• Available data
-------------------------
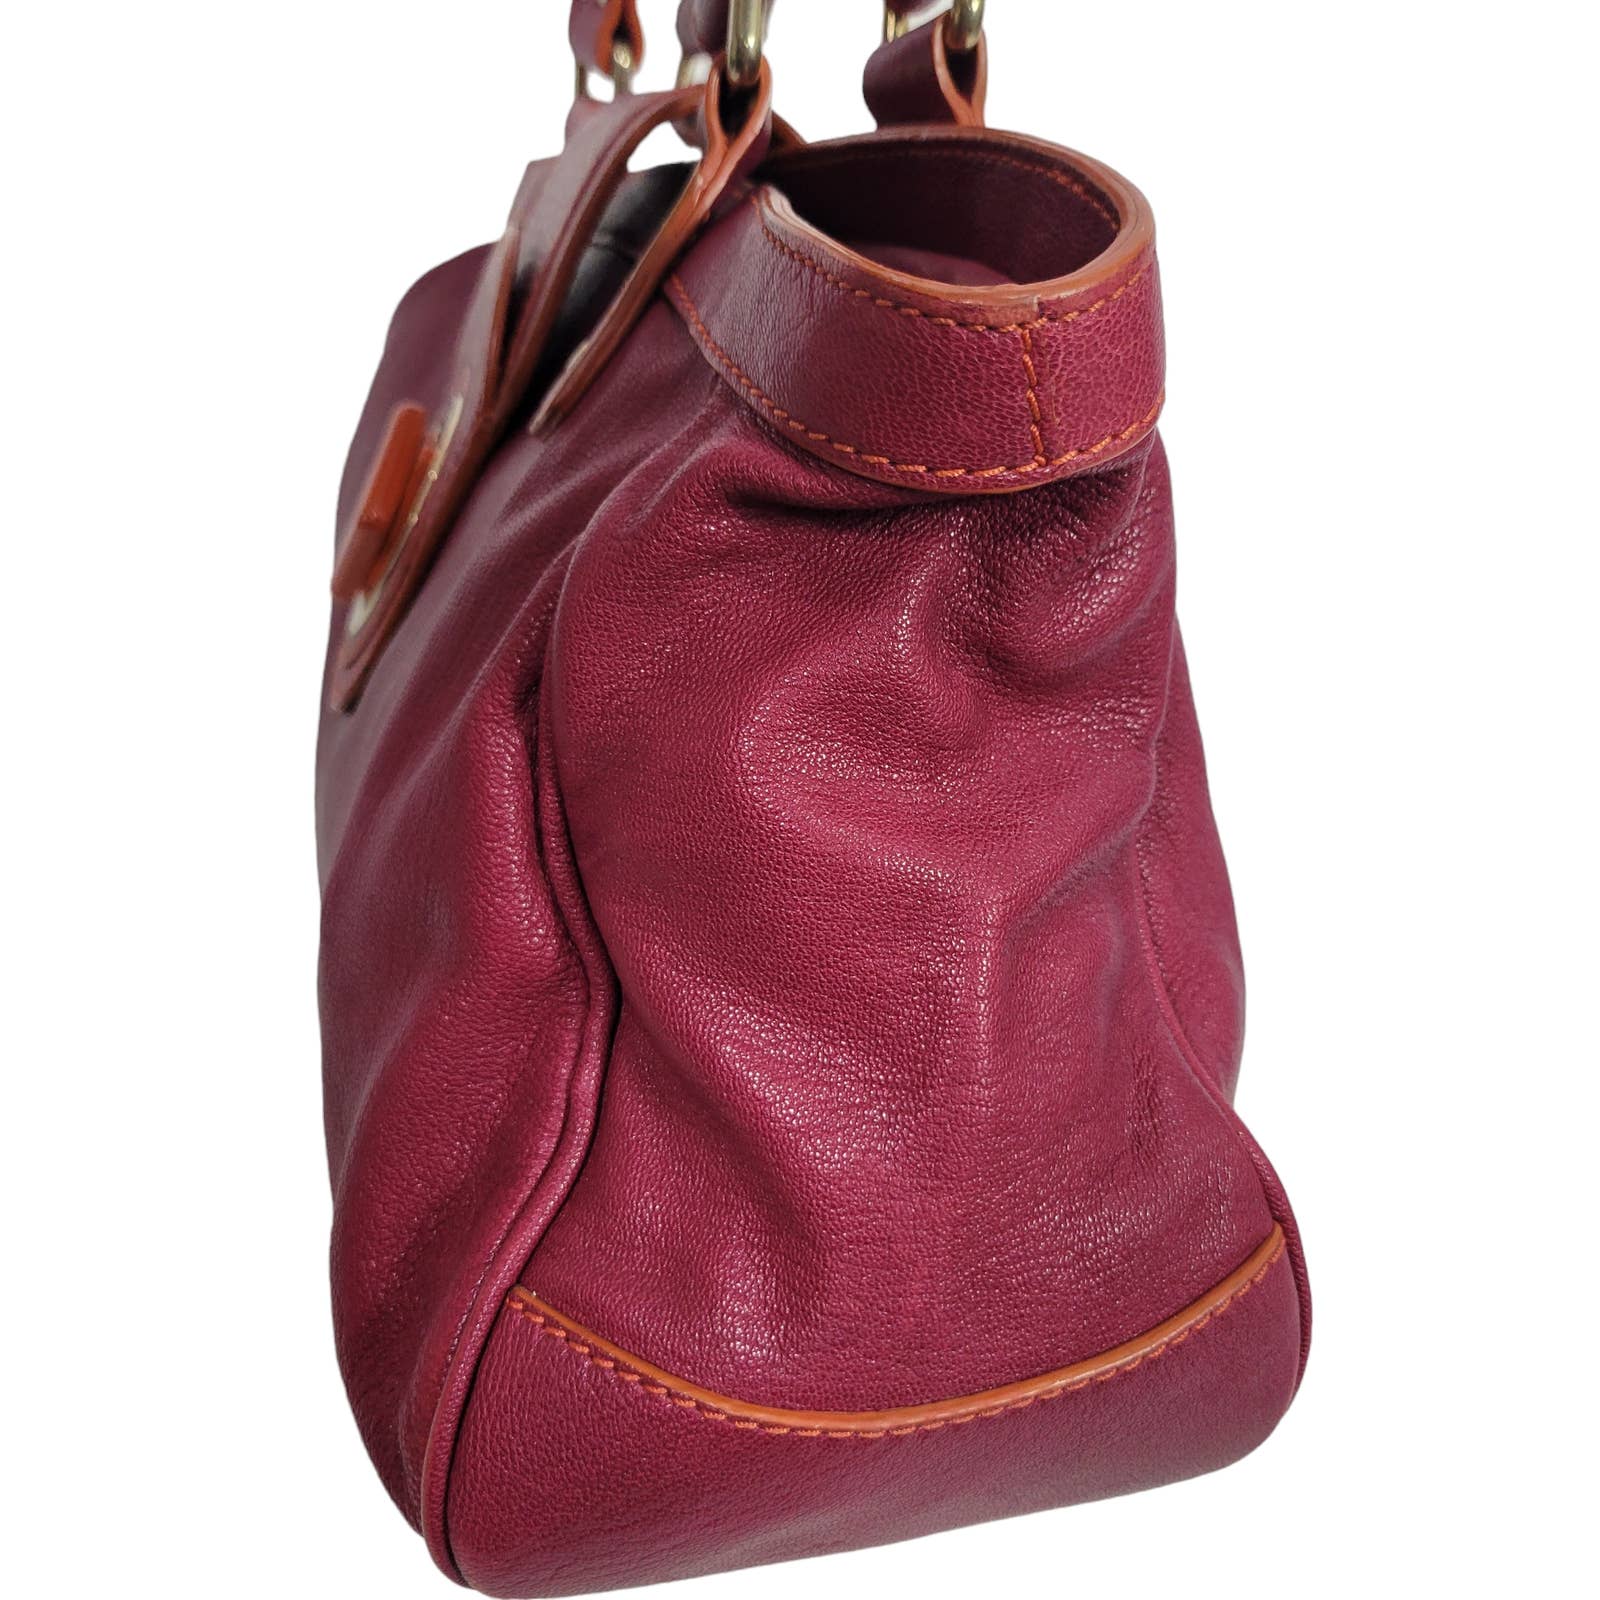 Etro Satchel Bag Pink Leather Shoulder Handles Color Block Tote Turn Lock Purse
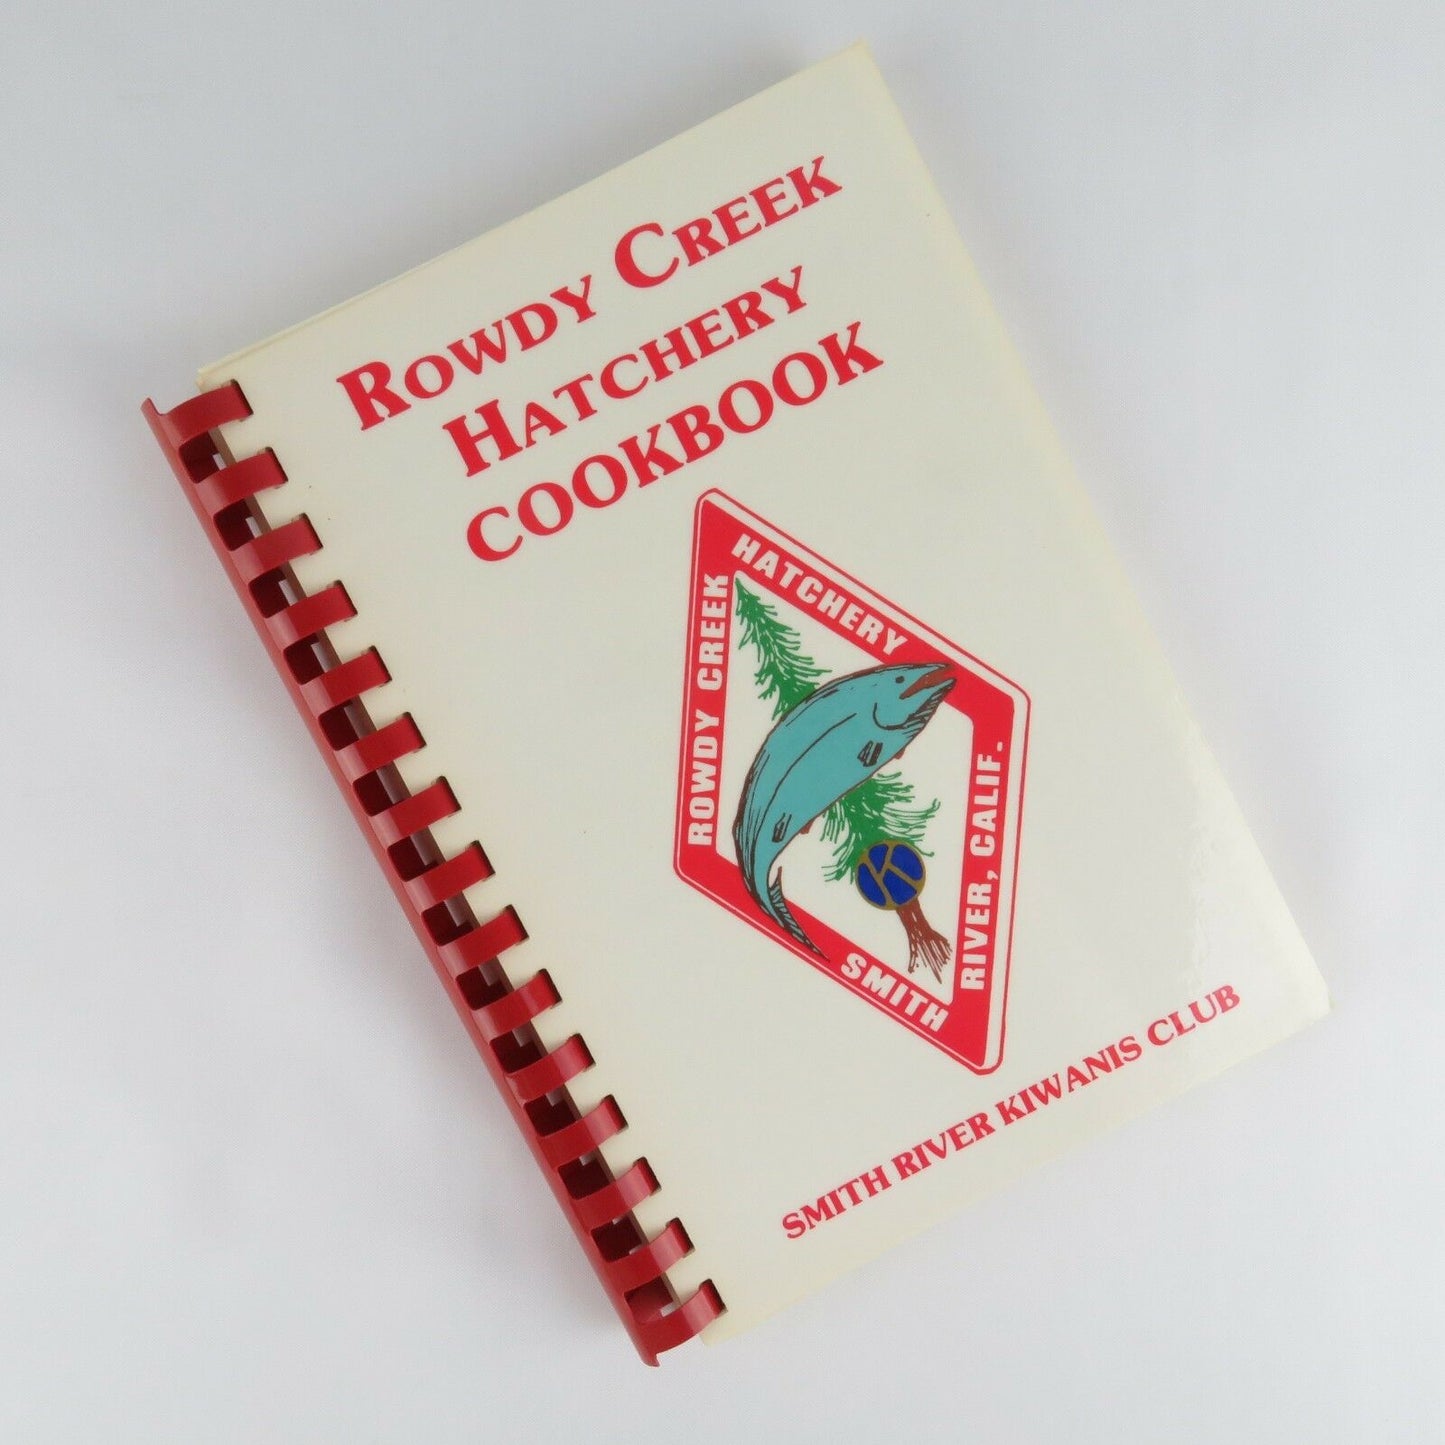 Vintage California Cookbook Smith River Kiwanis Rowdy Creek Hatchery Cookbook - At Grandma's Table
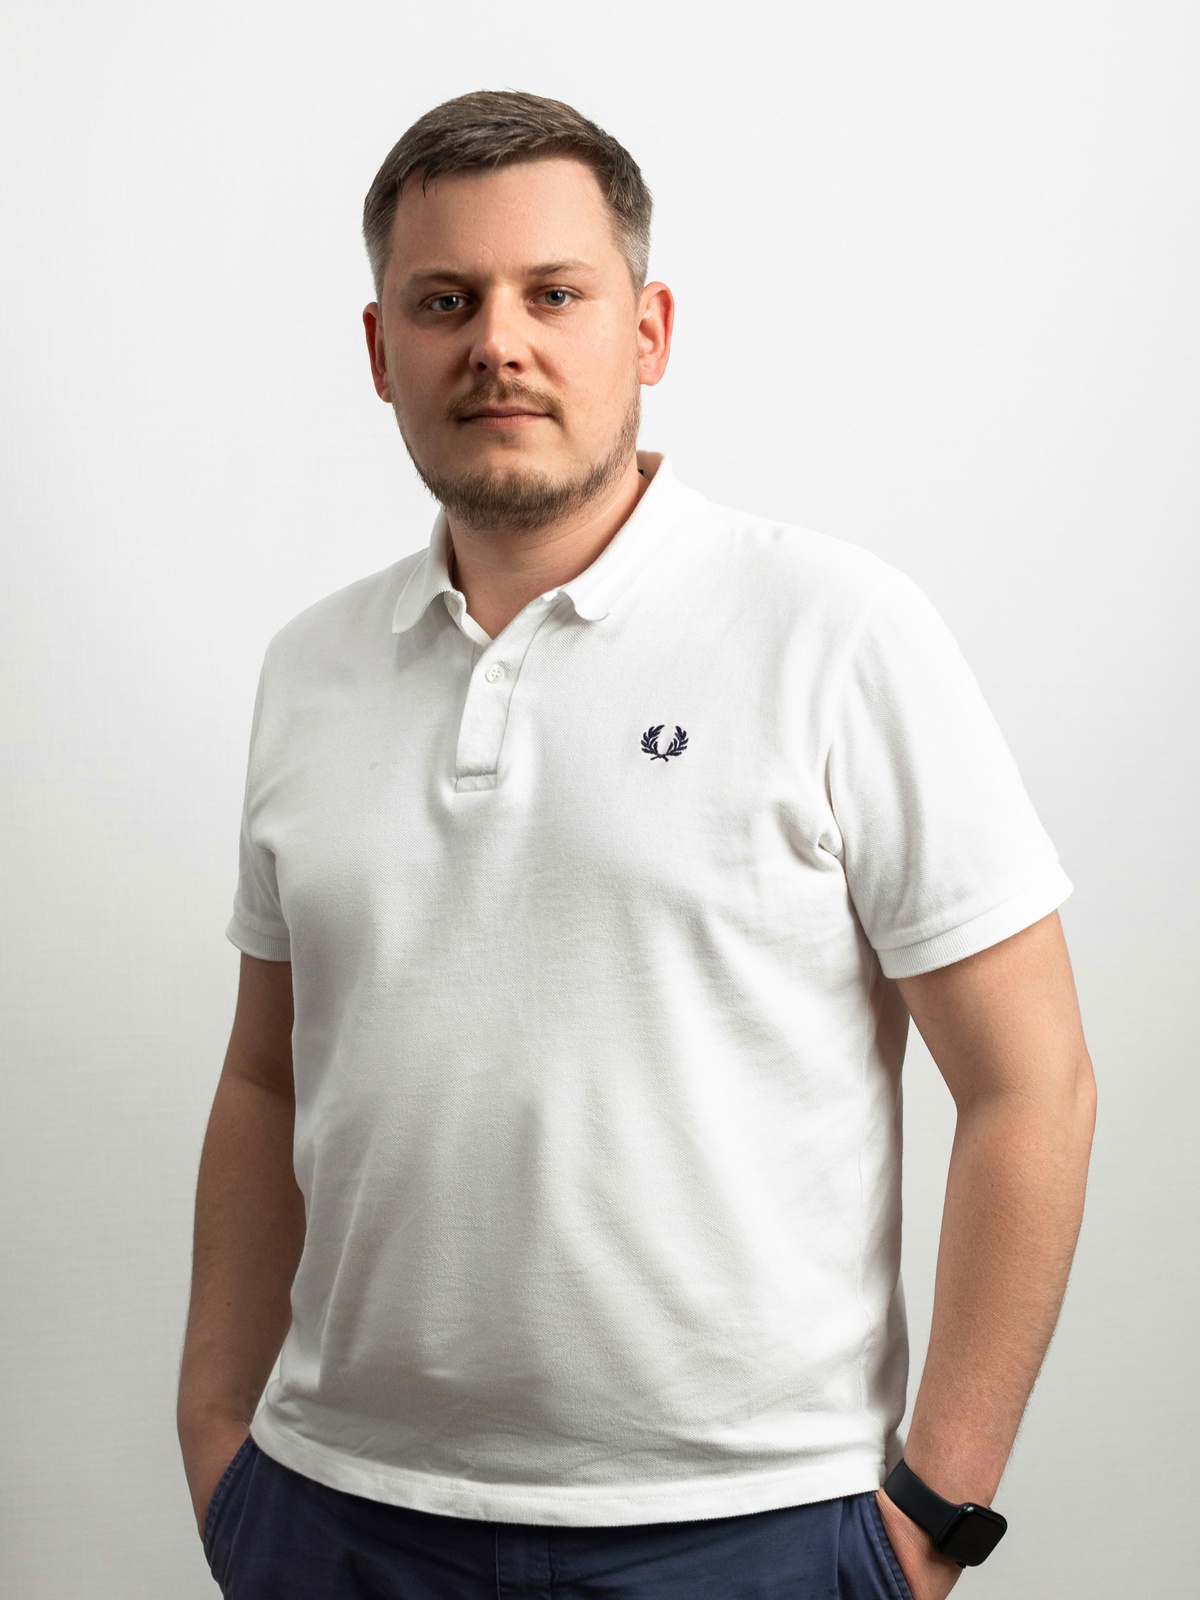 Александр Стихарев - Founder
-------------------------
Pictures are to be left out, and each line from the one that contains "Vintage California Cookbook" through the end of the listing is to be copied exactly.

 Vintage California Cookbook Smith River Kiwanis Rowdy Creek Hatchery Cookbook - At Grandma's Table
 Александр Стихарев - Founder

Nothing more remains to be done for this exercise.